Lawyers must have a process for evaluating cases to determine whether unbundling would be appropriate, says Stephanie L. Kimbro, a sole practitioner in Wilmington, N.C., and the author of Limited Scope Legal Services: Unbundling and the Self-Help Client, published by the ABA last year. “Lawyers must conduct a thorough intake process with the prospective client in order to make sure that it is reasonable to unbundle for the client’s specific legal needs before even beginning to do limited-scope work for an individual,” says Kimbro, who is a member of the ABA’s delivery committee. “This means having a process and procedure for unbundling in place ahead of time for each practice area where the lawyer might unbundle their services.”
PUT IT IN WRITING
A signed engagement agreement fully explaining the limited scope of the lawyer’s involvement is absolutely essential, Kimbro says. “The biggest ethics consideration for the lawyer is to clearly define the scope of representation for the client,” she says. “This is handled through a limited-scope engagement agreement, but the lawyer should include that education component as well. The client should receive checklists that let him or her know specifically which tasks in the representation will be handled by the firm and which ones the client will be responsible for.”
Kimbro says the engagement agreement must explain how the lawyer will perform the services and how client communication will be conducted. “For a lot of unbundling, technology is used to deliver those services,” she says. “Many lawyers unbundle with fixed fees rather than by billable hour. This makes it critical to set those expectations out in the limited-scope engagement agreement so there are no misunderstandings when the client begins calling the office twice a day when the lawyer has specified that communication will be handled via email or through a secure client portal instead.”
“To make unbundling cost-effective as a practice,” Kimbro adds, “the lawyer needs to set up these controls and the limited-scope engagement agreement can help accomplish this.”

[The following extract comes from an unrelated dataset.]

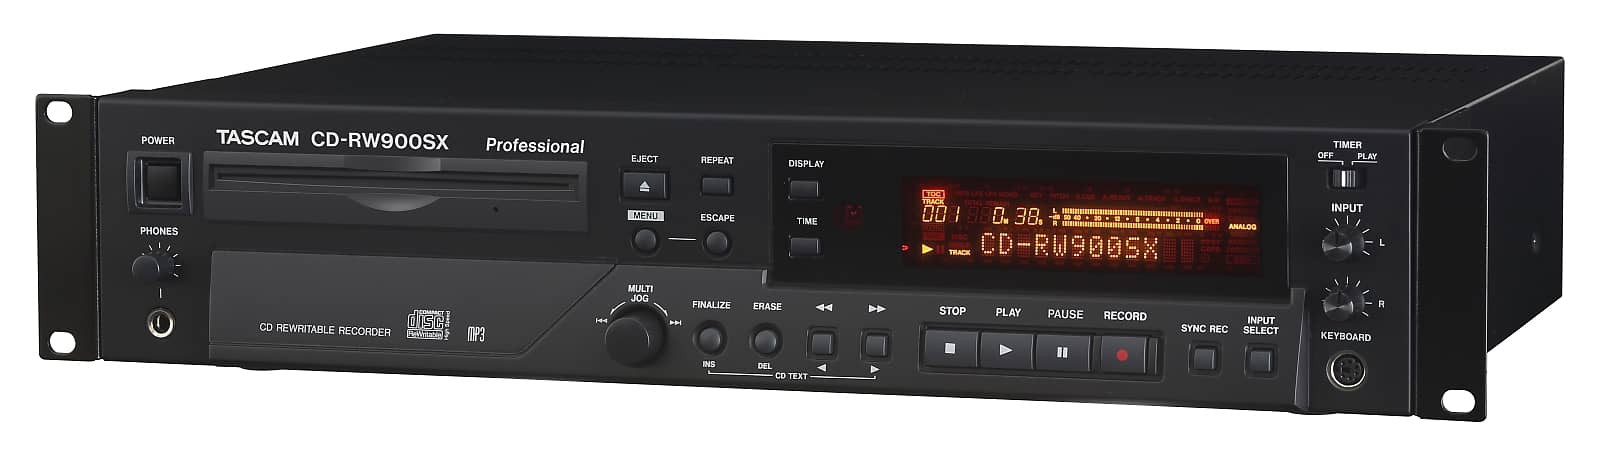 Galerijní obrázek č.2 Stereo rekordery (stolní/rackové) TASCAM CD-RW900SX
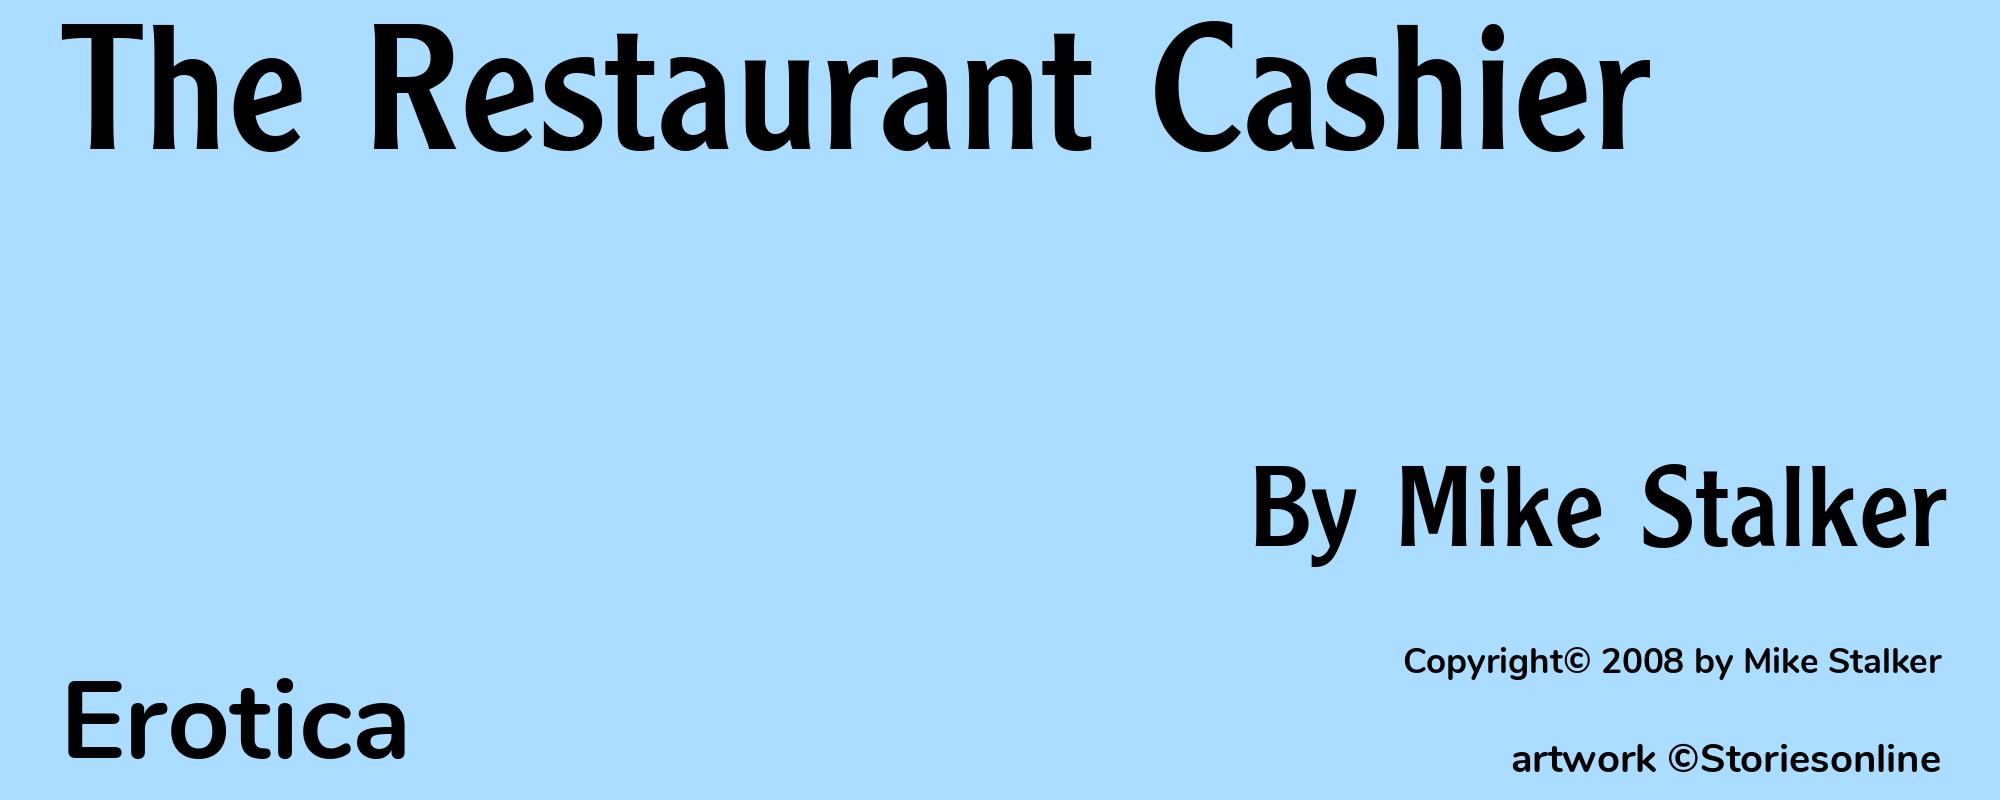 The Restaurant Cashier - Cover

Experts warn that unbundling won’t work across the board. “In some kinds of cases, limited-scope representation is not going to work,” Joy says. “In the criminal field, especially if the client has never faced criminal charges before, no matter what the lawyer says, many people just don’t understand the nature of the process.”
Joy points out another ethics issue that comes up in the context of unbundled legal services: the point at which a lawyer engaging in limited-scope representation should be able to withdraw because the client isn’t paying the bills. “Nobody has addressed whether a lawyer in the litigation context who tries to take on a limited-scope representation should be permitted to withdraw as easily as they can in some jurisdictions,” he says.
Even though it presents some ethics challenges, limited-scope representation offers real hope for expanding the market for legal services. Advocates of unbundling view the resolution adopted by the ABA House of Delegates in February as a very positive development.
Mosten says unbundling not only helps consumers but also bolsters efforts by lawyers to build their practices. “It presents a perfect match between consumer need and lawyering success,” says the man widely known as the “Father of Unbundling.” “Everyone understands it is good for the consumer—and if it is good for the consumer, then it is good for the profession.”